DATASET EXTRACT section start

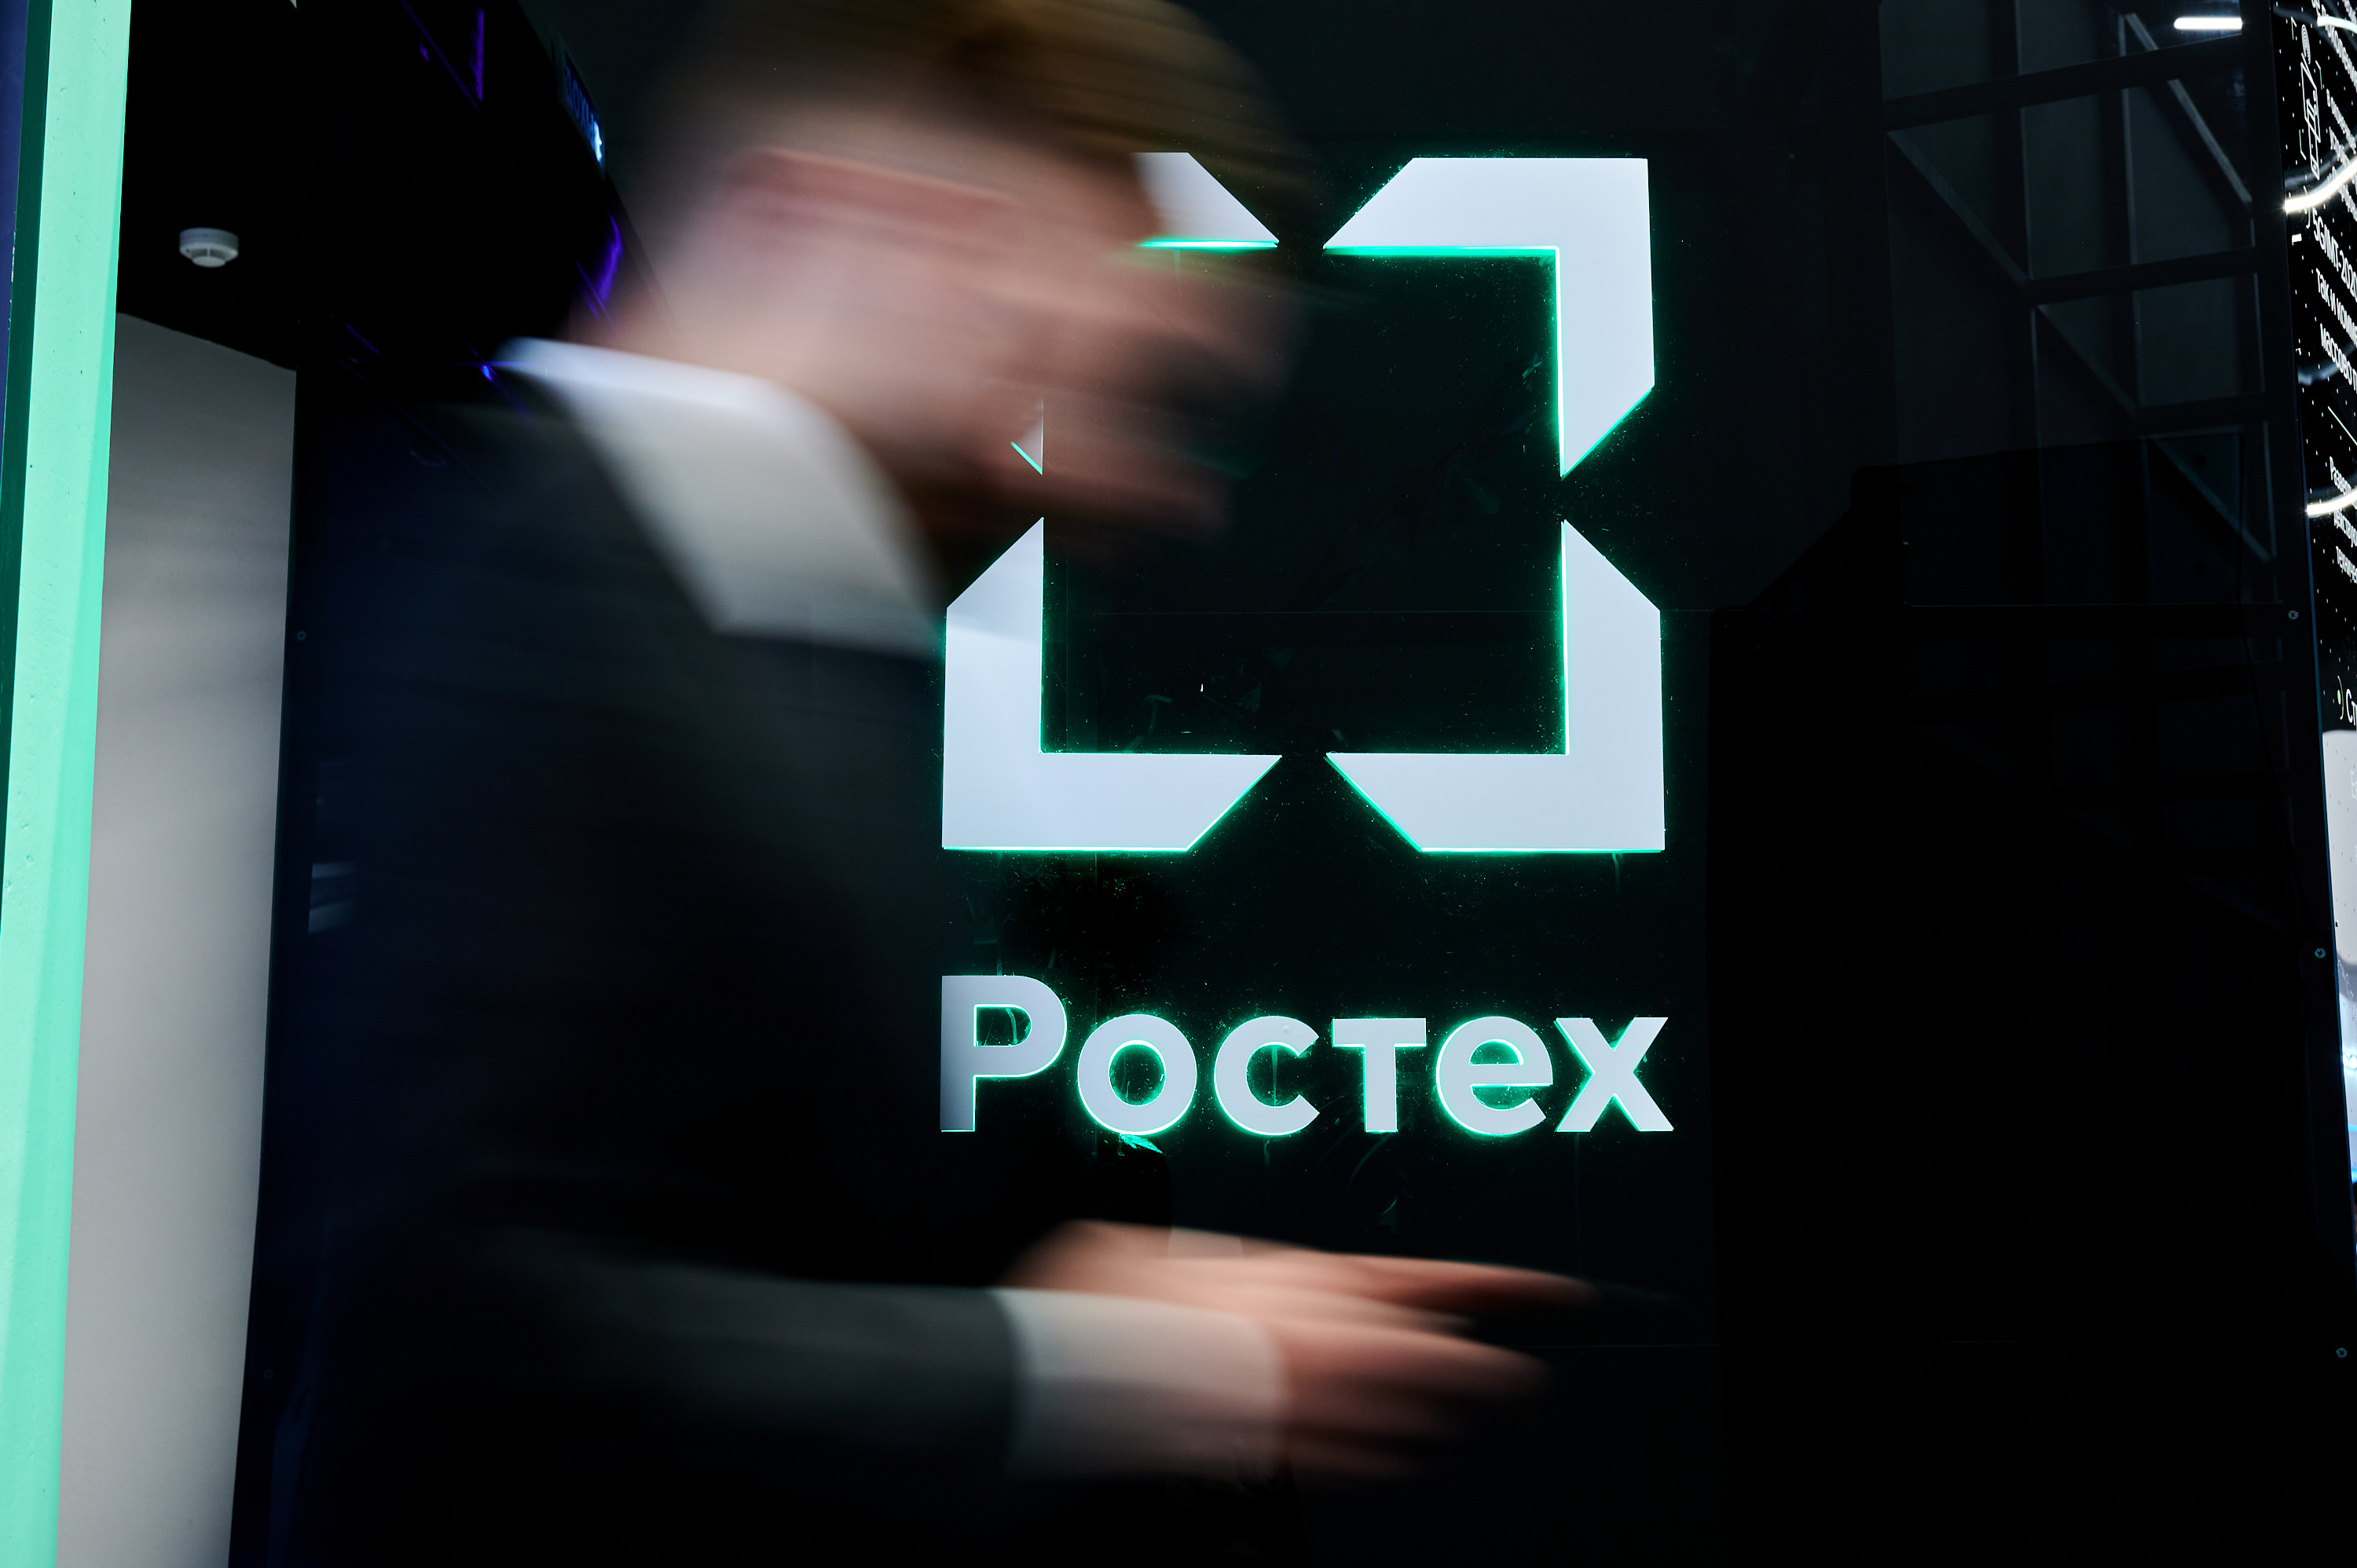 Rostec’s Digital System will be Useful for Unmanned Cargo Delivery Management in Cities
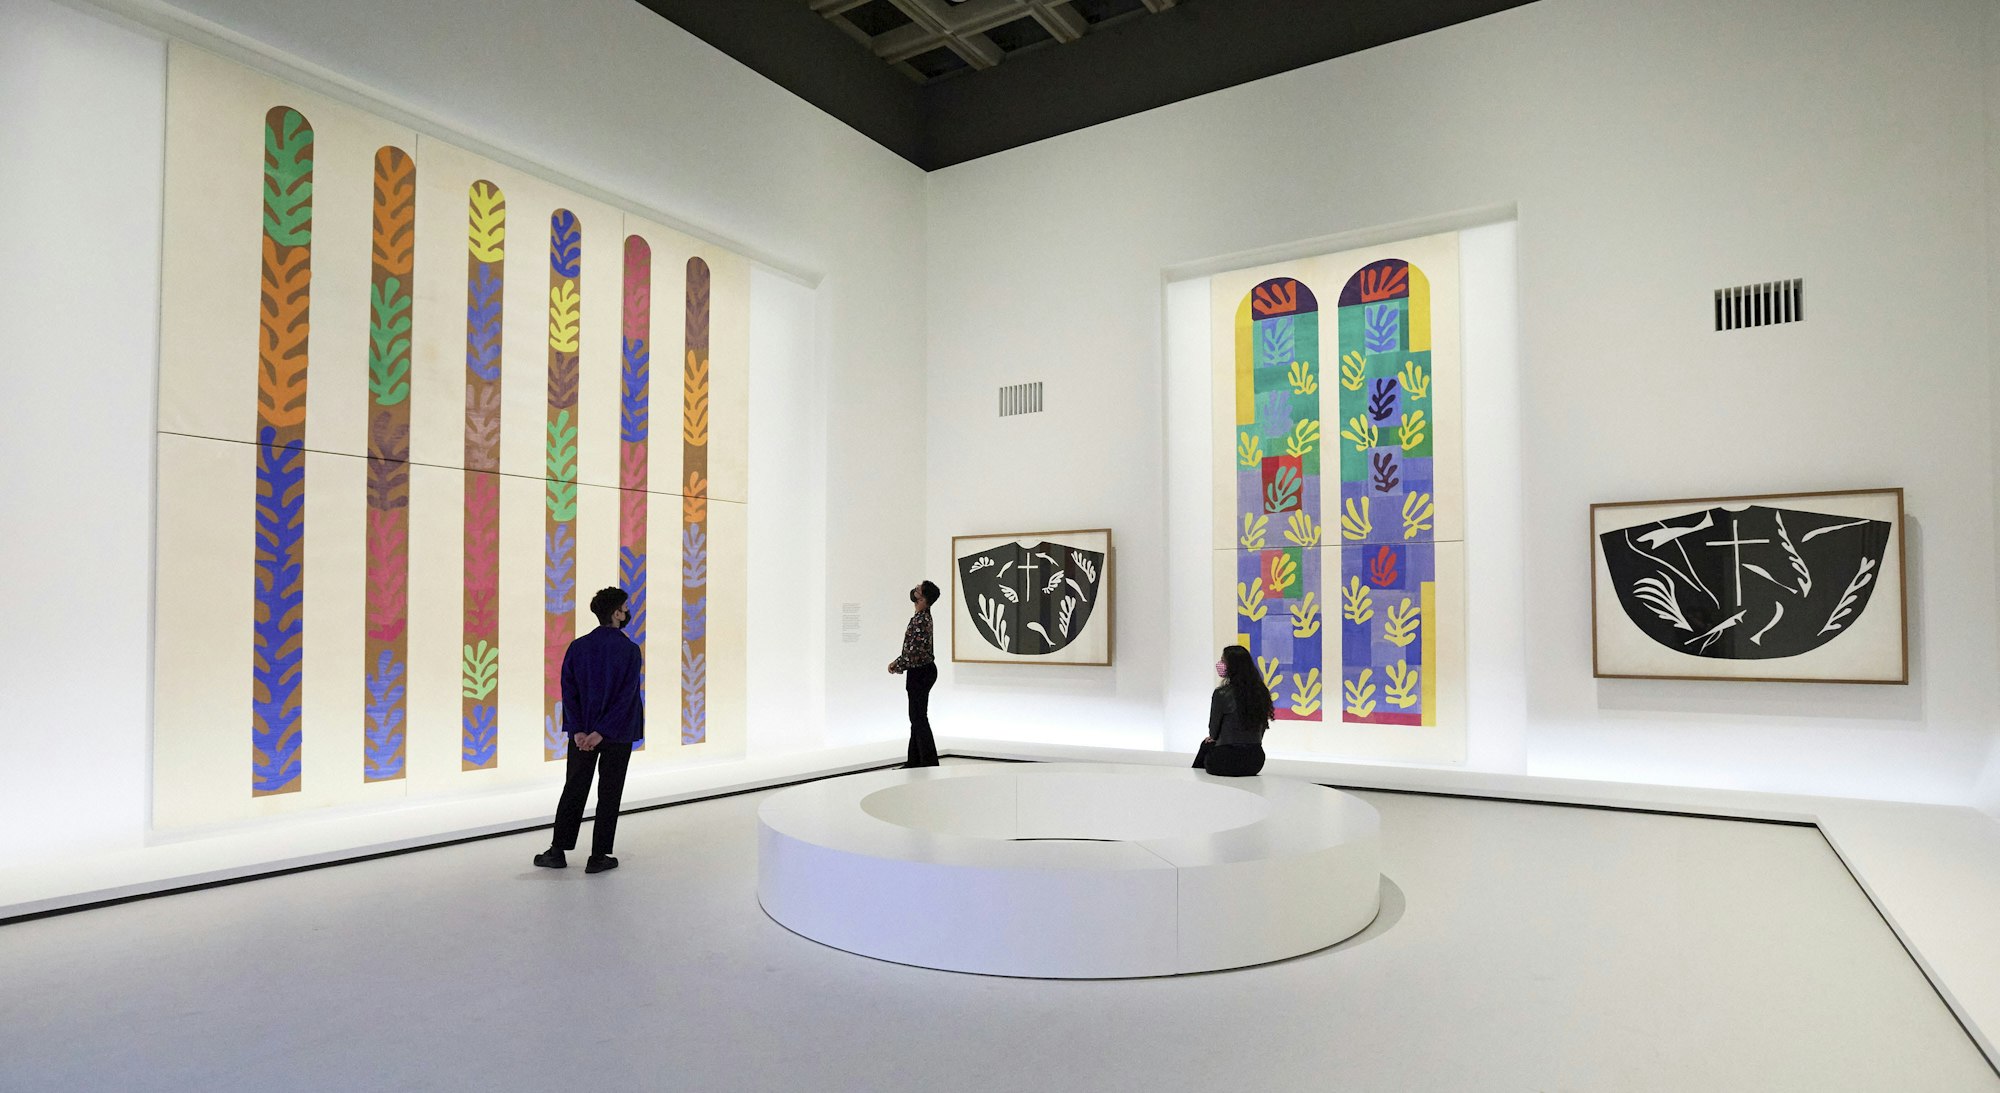 Exhibition installation view of Matisse: Life & Spirit Masterpieces from the Centre Pompidou, Paris exhibition on display at the Art Gallery of New South Wales.
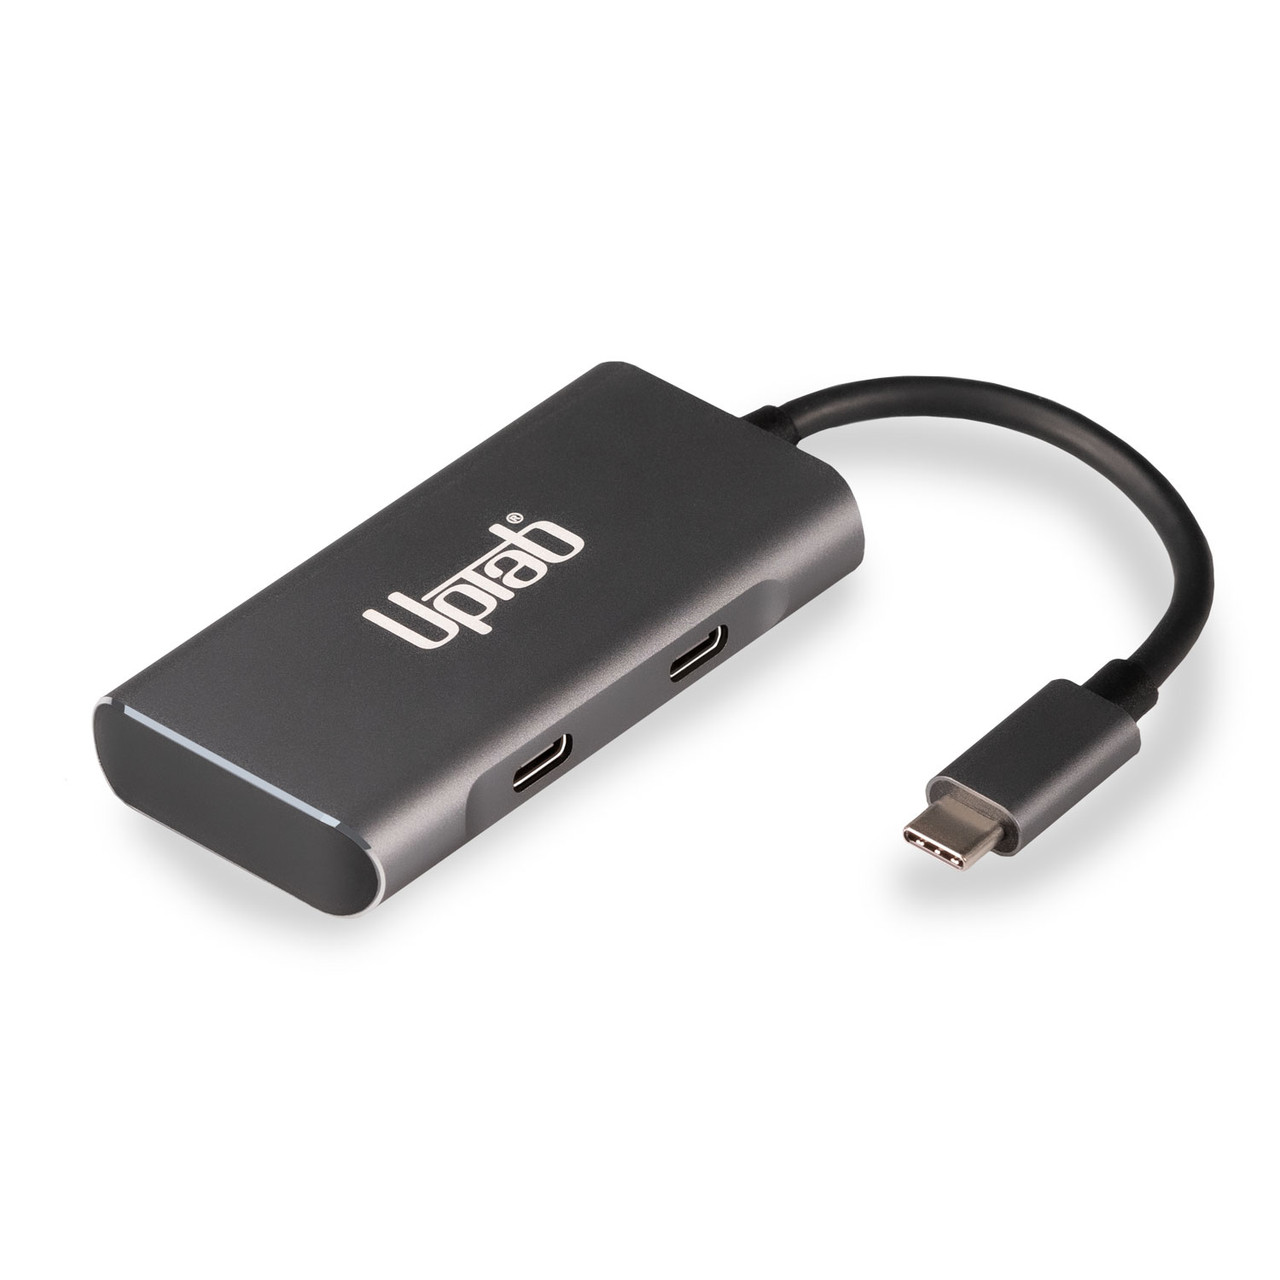 USB 3.1 Type C to HDMI Cables - Thunderbolt 3 - Custom Cable Connection
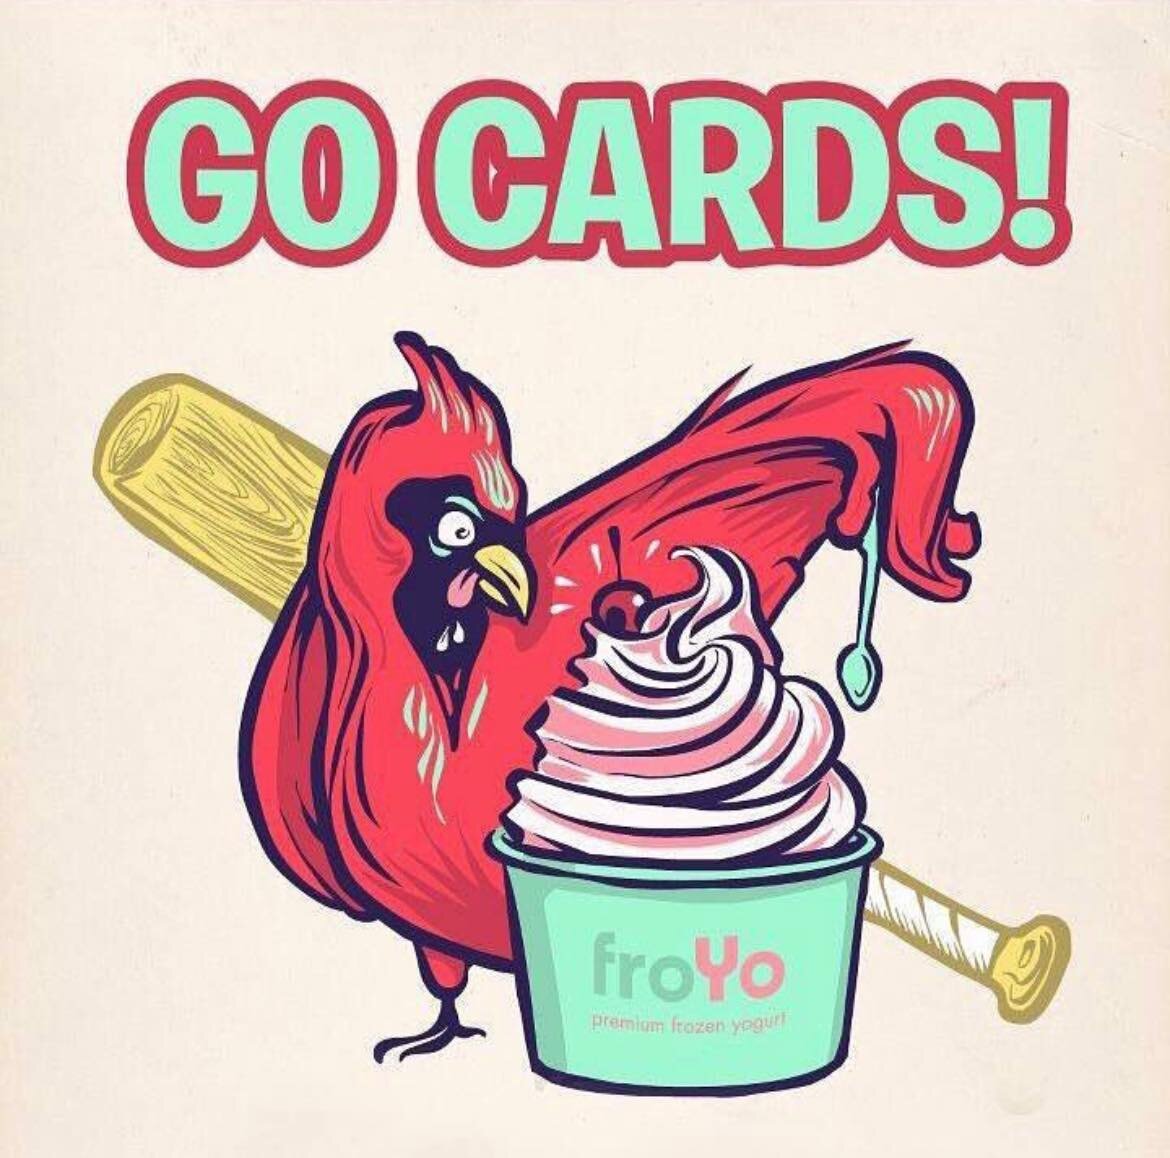 ⚾️🍦 Score 15% Off on Home Opener Day!🍦⚾️ 

Today's the day, Cardinals fans! Show your team spirit by wearing your Cards gear and enjoy 15% off your froyo. Let&rsquo;s celebrate the home opener together with a sweet win! 🎉

#GoCardinals #FroyoForFa

DATASET EXTRACT section end

### EXERCISE
Begin at the first line of the entries above and return each line exactly, stopping after the line that contains "Home Opener Day!🍦⚾️". Pictures do not belong in the copy.

### TASK ANSWER
 Rostec’s Digital System will be Useful for Unmanned Cargo Delivery Management in Cities
 Exhibition installation view of Matisse: Life & Spirit Masterpieces from the Centre Pompidou, Paris exhibition on display at the Art Gallery of New South Wales.
 USB 3.1 Type C to HDMI Cables - Thunderbolt 3 - Custom Cable Connection
 ⚾️🍦 Score 15% Off on Home Opener Day!🍦⚾️ 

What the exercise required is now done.